-1

so I'm new to Python and I was looking to remove partially similar entries within the same column. For example these are the entries in one of the columns in a dataframe-

Row 1 - "I have your Body Wash and I wonder if it contains animal ingredients. Also, which animal ingredients? I prefer not to use product with animal ingredients."

Row 2 - "This also doesn't have the ADA on there. Is this a fake toothpaste an imitation of yours?"

Row 3 - "I have your Body Wash and I wonder if it contains animal ingredients. I prefer not to use product with animal ingredients."

Row 4 - "I didn't see the ADA stamp on this box. I just want to make sure it was still safe to use?"

Row 5 - "Hello, I was just wondering if the new toothpaste is ADA approved? It doesn’t say on the packaging"

Row 6 - "Hello, I was just wondering if the new toothpaste is ADA approved? It doesn’t say on the box."

So in this column, rows 1&3, and rows 5&6 are similar (partial duplicates). I want python to recognize these as duplicates, retain the longer sentence and drop the shorter one and export the new data to a csv file.

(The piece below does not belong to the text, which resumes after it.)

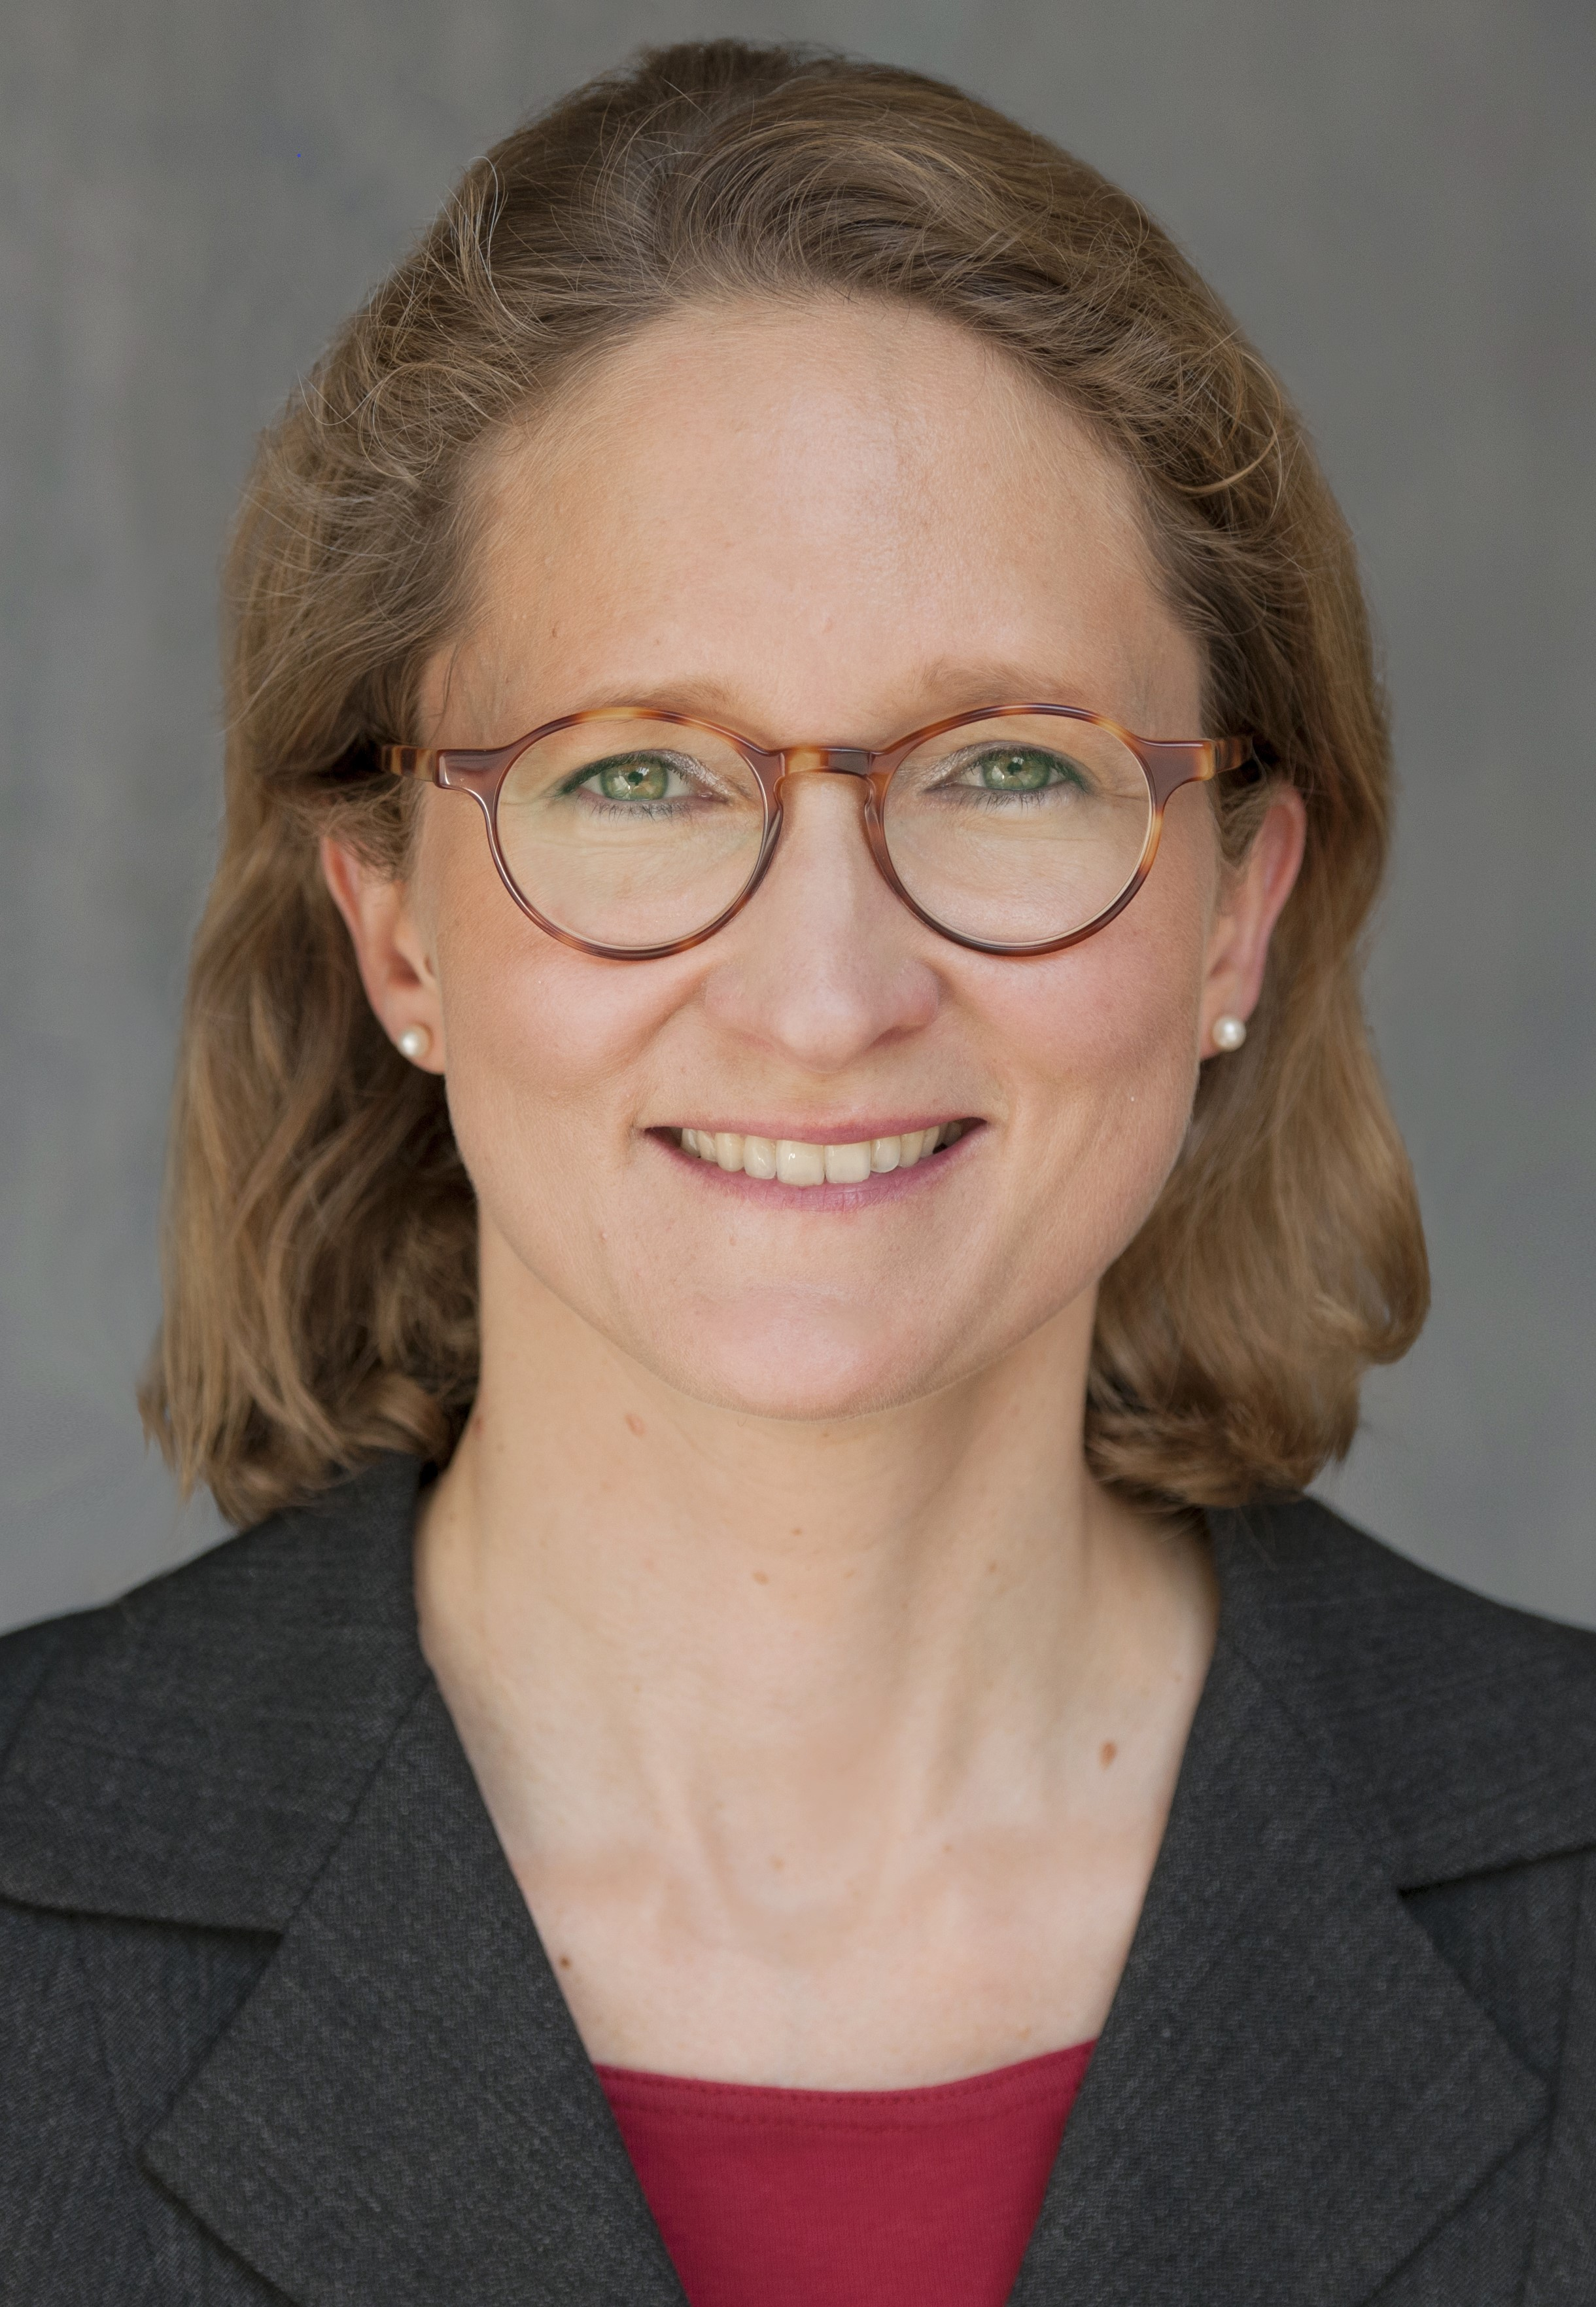 Dr. iur. Anna Keller

Expected output - Row 1 - "I have your Body Wash and I wonder if it contains animal ingredients. Also, which animal ingredients? I prefer not to use product with animal ingredients."

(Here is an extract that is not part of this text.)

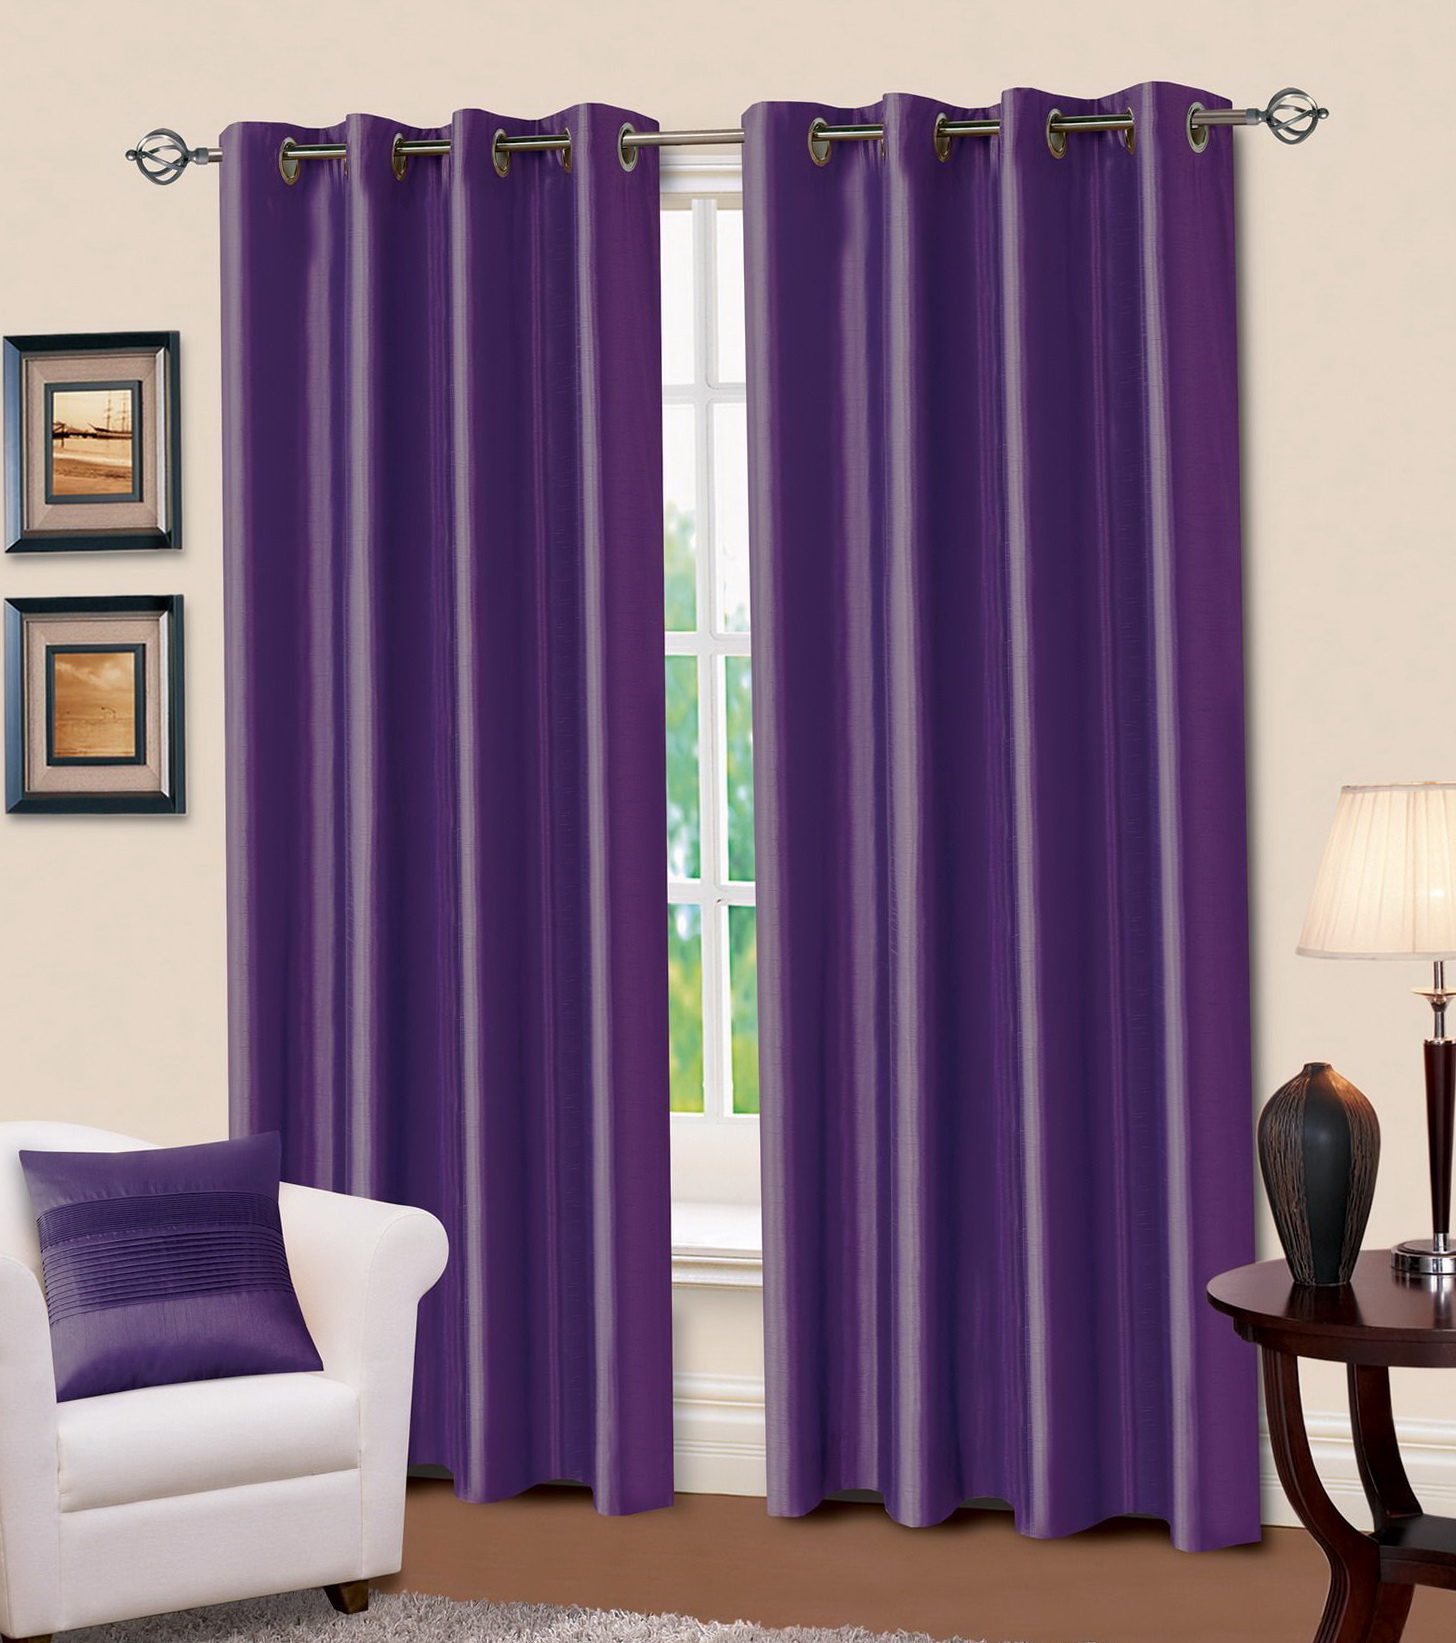 Faux Suede Curtains 90 X 90

Row 2 - "This also doesn't have the ADA on there. Is this a fake toothpaste an imitation of yours?"

Row 3 - "I didn't see the ADA stamp on this box. I just want to make sure it was still safe to use?"

Row 4 - "Hello, I was just wondering if the new toothpaste is ADA approved? It doesn’t say on the packaging"

I tried using FuzzyWuzzy wherein I used the similarity sort function, but it didn't give me the expected output. is there any simpler code for this?

Shrumo
  • 47
  • 7

1 Answers1

0

Here is my approach, hopefully the comments are self explanatory.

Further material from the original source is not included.